A new McDonald’s opened in Piccadilly Gardens last Wednesday. Nothing remarkable about that, you may say, especially with so many new places to eat opening every week. But this McDonald’s isn’t your ordinary Maccy D’s, writes Stephen Lewis.
The new McDonald’s in Piccadilly Gardens features digital menu boards, tablet computers on some tables and the option to use either the traditional till services or self-order kiosks where you can browse the entire menu on touch screens, place your order, pay by card or contactless, then go straight to a designated area of the counter to pick up your order.
“…check-out staff never say those five words we all dread – ‘unexpected item in bagging area’”
Touch-screen ordering at McDonald’s has actually been around for a while but it’s being rolled out across the country and has finally arrived in Manchester city centre.
It won’t make any difference to me. It’s quite a while since I ate in a McDonald’s. Such a long time, in fact, that the last time I ate there, Ronald McDonald was just a lad. It’s not just a McDonald’s thing. I’ve never eaten at a Burger King.
It’s not because I don’t like burgers. I like a good burger as much as the next man or woman. It’s just that I try to eat healthily, so I don’t eat them very often. When I do, I prefer to pay a bit more for something a bit more, well, gourmet. Filthy Cow, for example, where a burger costs double a Big Mac but tastes 10 times better, in my humble opinion.
Another reason I don’t go there is choice. If I want a quick, cheap meal, I can choose from burritos, falafel, a pizza slice, sushi, noodles and lots more. Back in 1983 when McDonald’s arrived in Manchester, the competition was hardly fierce – the chippy and Wimpy, compared to which McDonald’s seemed positively glamorous.
As for automated self-service, I’m happy to serve myself in certain situations. ATMs are great, and I don’t mind using a machine to buy my tram ticket.
But when it comes to shopping, call me old fashioned, but, given the choice, I would rather be served by a person than a machine. Supermarket check-out staff never break down, at least not in public, and are less likely to be out of order than a self-service checkout. (The only out of order check-out staff I ever encounter are those who spend ages chatting to the customer in front of me who happens to be their next door neighbour).
And check-out staff never say those five words we all dread – ‘unexpected item in bagging area’.
When supermarkets introduced self-service tills, I refused to use them and swore I never would. I was being asked to do the job of a paid employee. No way was I going to do that. I steadfastly refused to use them for ages.
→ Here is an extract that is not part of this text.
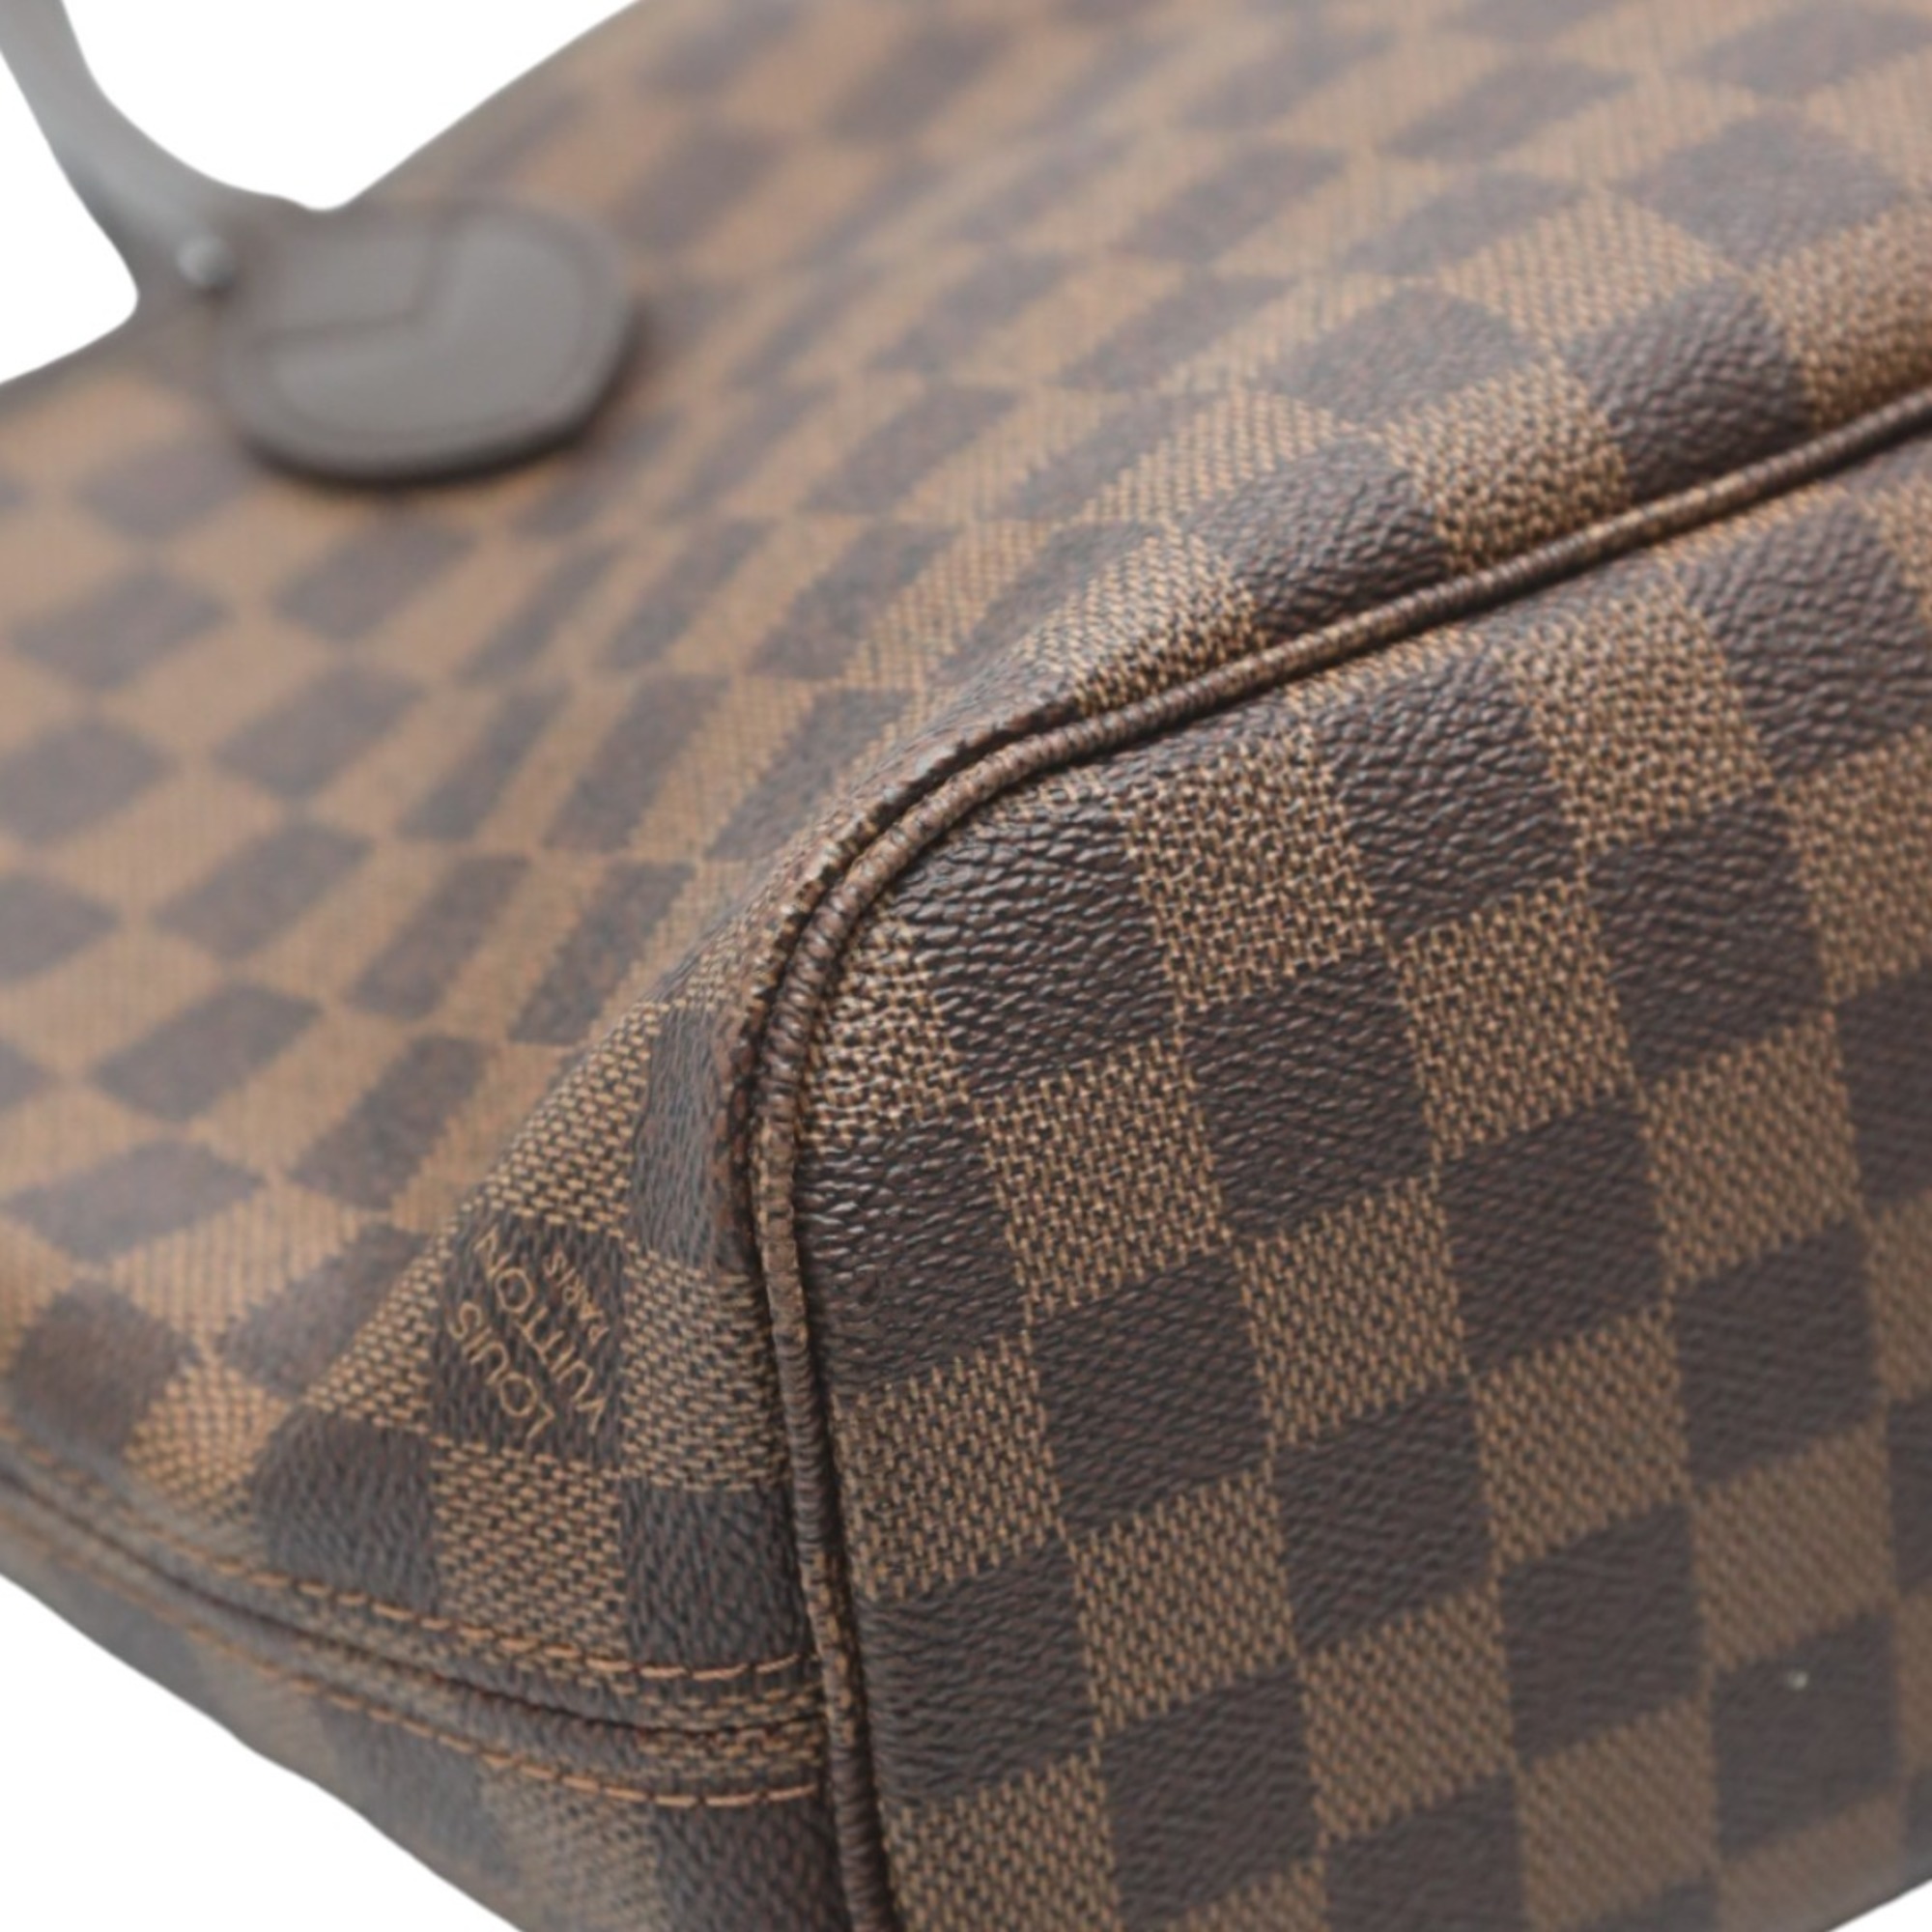 Louis Vuitton LOUIS VUITTON Handbag Damier Neverfull PM Canvas N51109 Brown LV

Eventually I gave in. Now I use them if it means I don’t have to queue at an ordinary checkout. That’s what self-service should be all about. Avoiding queues.
It looks like self-service is here to stay and it can’t be long before other restaurants follow suit. If I ever find myself in a McDonald’s, which is unlikely but not impossible, I’ll take the self-service option, but only if there’s a queue to be served at the counter. But God help them if I ever find an unexpected gherkin in my burger area.